* Task brief
Return the following from the records below: each line, word for word, starting with the line that contains "Solution:47.51 as a fraction is 4751/100" and going on through the line that contains "Daxue: Most popular", with nothing outside that range.

* Records for processing
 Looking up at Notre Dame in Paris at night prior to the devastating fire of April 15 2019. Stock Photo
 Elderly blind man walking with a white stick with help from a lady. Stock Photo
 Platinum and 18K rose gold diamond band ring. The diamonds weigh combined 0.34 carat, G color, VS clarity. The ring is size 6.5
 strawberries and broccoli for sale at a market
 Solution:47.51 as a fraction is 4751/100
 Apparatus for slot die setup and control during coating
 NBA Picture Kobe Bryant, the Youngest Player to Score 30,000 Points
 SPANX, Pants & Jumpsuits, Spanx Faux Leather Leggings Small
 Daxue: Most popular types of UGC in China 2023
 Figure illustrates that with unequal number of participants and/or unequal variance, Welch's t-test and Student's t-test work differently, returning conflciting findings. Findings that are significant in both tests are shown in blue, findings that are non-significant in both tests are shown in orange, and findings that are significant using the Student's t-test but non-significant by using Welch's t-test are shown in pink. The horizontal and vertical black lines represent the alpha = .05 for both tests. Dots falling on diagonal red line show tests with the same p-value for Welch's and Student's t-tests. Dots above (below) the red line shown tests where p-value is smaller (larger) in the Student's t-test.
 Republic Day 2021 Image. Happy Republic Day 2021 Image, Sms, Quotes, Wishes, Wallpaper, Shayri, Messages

* Answer for this exercise
 Solution:47.51 as a fraction is 4751/100
 Apparatus for slot die setup and control during coating
 NBA Picture Kobe Bryant, the Youngest Player to Score 30,000 Points
 SPANX, Pants & Jumpsuits, Spanx Faux Leather Leggings Small
 Daxue: Most popular types of UGC in China 2023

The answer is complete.